Johnson and other researchers at PNNL have pioneered the use of ERT as a 3D monitoring tool, and E4D at shallower depths of up to 350 feet, where it has been used to detect and trace contaminants, for example. To test it in the deep subsurface, the team deployed it at the Sanford Underground Research Facility in Lead, South Dakota. The work, which is supported by the Department of Energy (DOE)’s Office of Energy Efficiency and Renewable Energy through its Geothermal Technologies Office, is part of a larger collaborative effort across DOE to enhance access to natural resources and storage in the subsurface. Lawrence Berkeley National Laboratory leads the effort, known as the Enhanced Geothermal Systems (EGS) Collab. Partner labs include PNNL, Sandia National Laboratories, Lawrence Livermore National Laboratory, Idaho National Laboratory, and Los Alamos National Laboratory.

Pioneering a new subsurface imaging technique

The intent of the ERT monitoring at Sanford was to monitor fluid flow, as had been done at shallower levels. But the results initially didn’t seem to align with those earlier uses.

“What we were seeing with the changes in conductivity didn’t make sense in terms of fluid flow,” Johnson said. But if the conductivity wasn’t reflecting the movement of fluids, what was it showing?

After years of hunting for an answer, Johnson found it in scientific papers from the 1960s and 1970s. Researchers at the Massachusetts Institute of Technology and also at Lawrence Berkeley National Laboratory had observed changes in the conductivity of crystalline rocks in response to stress—squeezing the rock in lab experiments made it less conductive. This meant the ERT wasn’t simply following fluid underground. It was charting the opening and closing of fractures in response to stress.

“Once we made that link, everything made sense in terms of what the time-lapse images were doing,” Johnson said.

ERT offers several advantages. With no moving parts and electrodes installed outside the well casing, the equipment is low maintenance and can operate while injections are happening. And the imaging happens in real time, giving facility operators feedback they can use almost immediately, if needed. However, ERT cannot be used with metal wellbore casings, which are ubiquitous in deep subsurface projects.

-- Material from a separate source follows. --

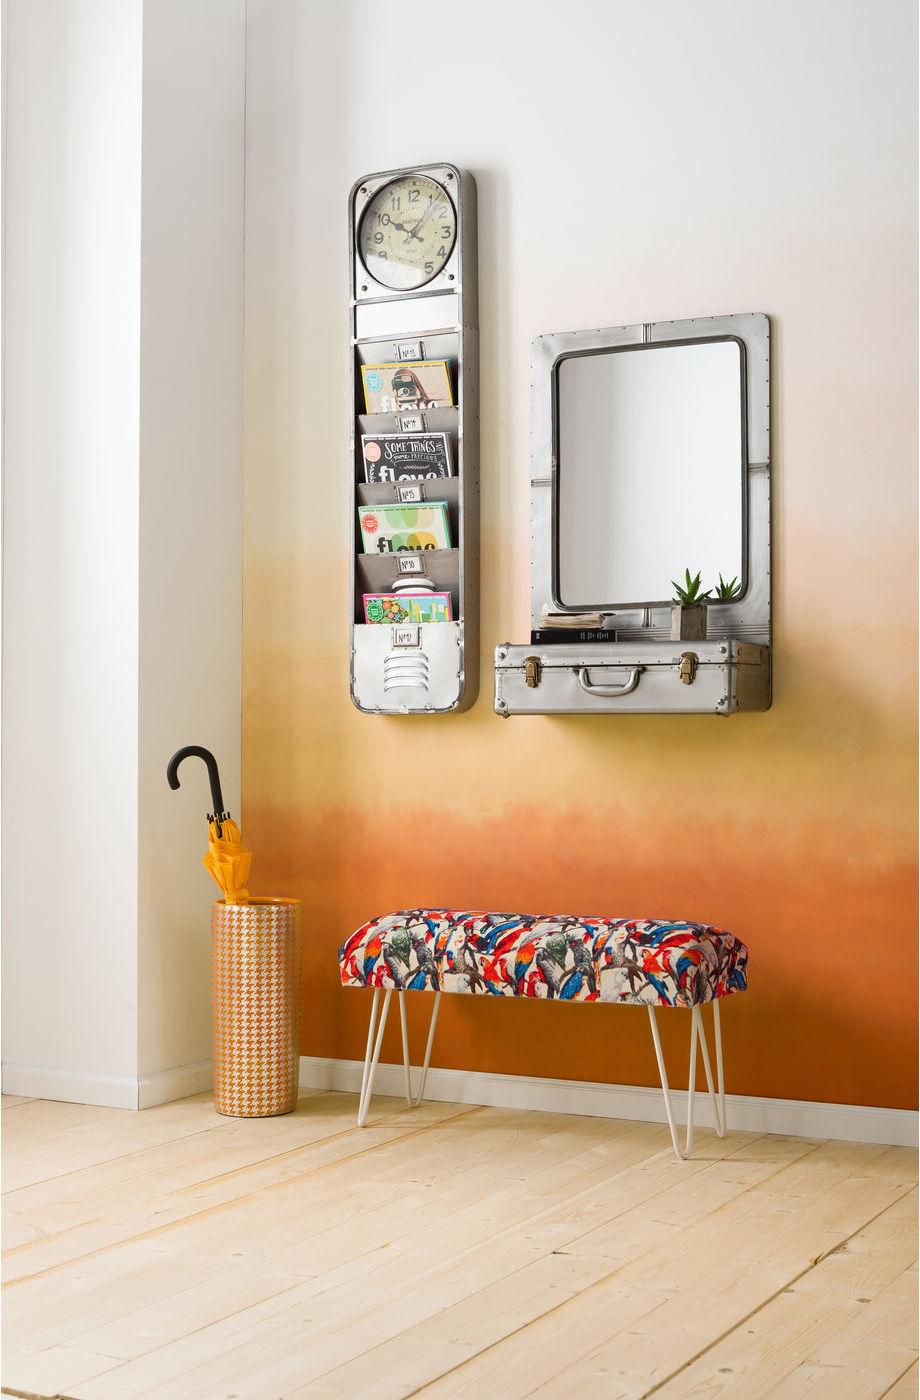 kare design spiegel wandplank suitcase nikkel spiegelglas meubelen. Black Bedroom Furniture Sets. Home Design Ideas

There are ways around this hurdle, such as using fiberglass casing, coating the casing with a non-metallic epoxy, or using a different, nonmetallic material altogether. But for now, Johnson and team are continuing to improve and test the use of ERT at the Sanford facility.

The paper, “4D Proxy Imaging of Fracture Dilation and Stress Shadowing Using Electrical Resistivity Tomography During High Pressure Injections into a Crystalline Rock Formation,” was published in October in the Journal of Geophysical Research: Solid Earth. Co-authors with Johnson were Jeff Burghardt, Chris Strickland, Hunter Knox, Vince Vermeul, and Mark White at PNNL; Paul Schwering and Doug Blankenship at Sandia National Laboratories; Tim Kneafsey at Lawrence Berkeley National Laboratory; and the team at EGS Collab.